Case Three • A 57 yo African-American female is here for her annual check-up. She reports having had a hysterectomy ‘some years ago’ for ‘pre-cancerous lesions.’ Does she still need cervical cancer screening? • Yes. Women who have had a hysterectomy and due to a history of CIN 2 or CIN 3 need continued ANNUAL screening. (Level B)
Woman with Hysterectomy • Women who have had a total hysterectomy for benign indications and have no prior history of high-grade CIN should discontinue screening. (Level A) • Primary vaginal cancer is very rare. • Of 6,543 women with hysterectomies for benign reasons, only 1.8% had an abnormal cytology and 0.12% had vaginal intraepithelial neoplasia on biopsy.
Case Four • A 67 yo female presents for annual physical. She is wondering when she can stop having Pap smears performed. She has had regular screening throughout her life. What do you advise? • You may discontinue screening at either 65 or 70 years of age in women who have had three or more negative cytologic test results in a row and no abnormal test results in past 10 years. (Level B) • Risk factors should be reassessed during the annual exam to determine if reinitiating screening is appropriate.
Case Five • A 17 yo female had a Pap smear performed at another facility. The results showed ASC-US with positive reflex HPV testing. She has come in for follow-up. What do you recommend for further management? • Ignore the results and resume cervical cancer screening at age 21 years. • HPV testing should not be used in women younger than 21 years. If inadvertently performed, a positive result should no influence management.

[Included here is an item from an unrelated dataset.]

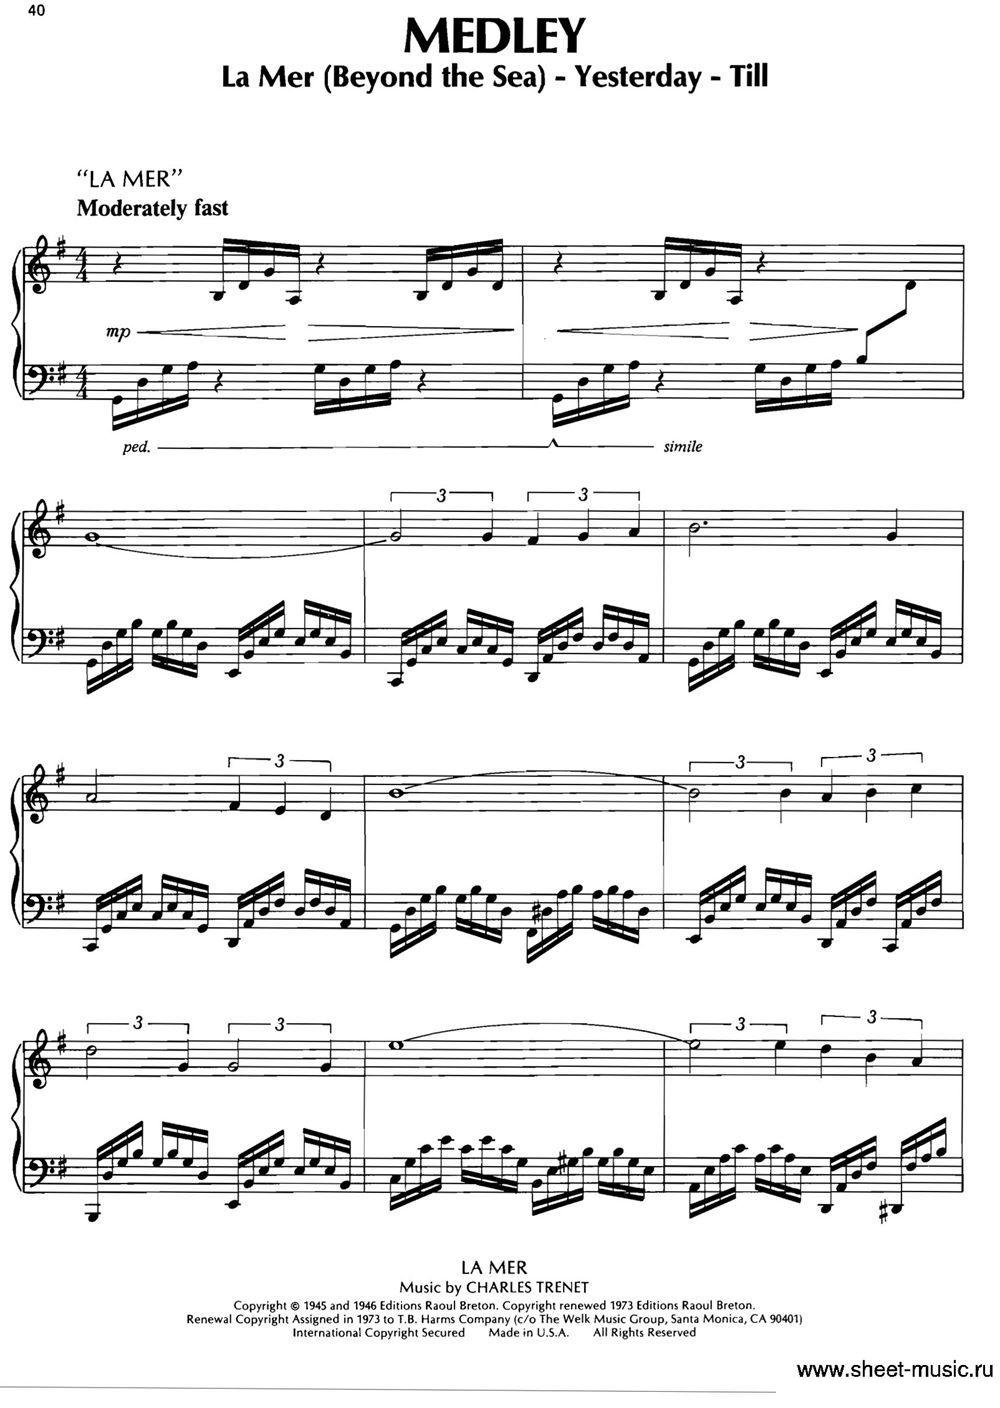 MEDLEY（La Mer（Beyond the Sea）-Yesterday-Till）钢琴曲谱（图1）

HPV Testing • Reflex HPV DNA testing serves as a useful triage test to stratify risk to women • aged 21 years and older with a ASC-US • postmenopausal women with LSIL • Also has proven role in primary screening in women older than 30 years. • Women with both negative cervical cytology and HPV DNA testing are extremely low risk for CIN 2 or CIN 3 during the next 4-6 years. • This is lower risk than women who have only had a negative cytology. • Women over 30 years with negative cytology and HPV should be rescreened no sooner than 3 years. (Level A)
Conclusions • New guidelines are designed to better balance the risks and benefits of screening based on newer data. • Cervical cytology screening should begin after age 21 years. • For women between age 21-29 years with average risk, cervical cytology screening should be every 2 years. • For women 30 years and older, screening may be every 3 years if they have had at least 3 negative screens prior. • Women with total hysterectomies for benign reasons do not need any further screening.
References • American College of Obstetrics and Gynecology. ACOG Practice Bulletin 109, December 2009: cervical cytology screening. Obstet Gynecol 2009;114:1409-1420. • Sawaya GF. Cervical Cancer Screening – New guidelines and the balance between benefits and harms. N Eng J Med 2009;361:2504-5.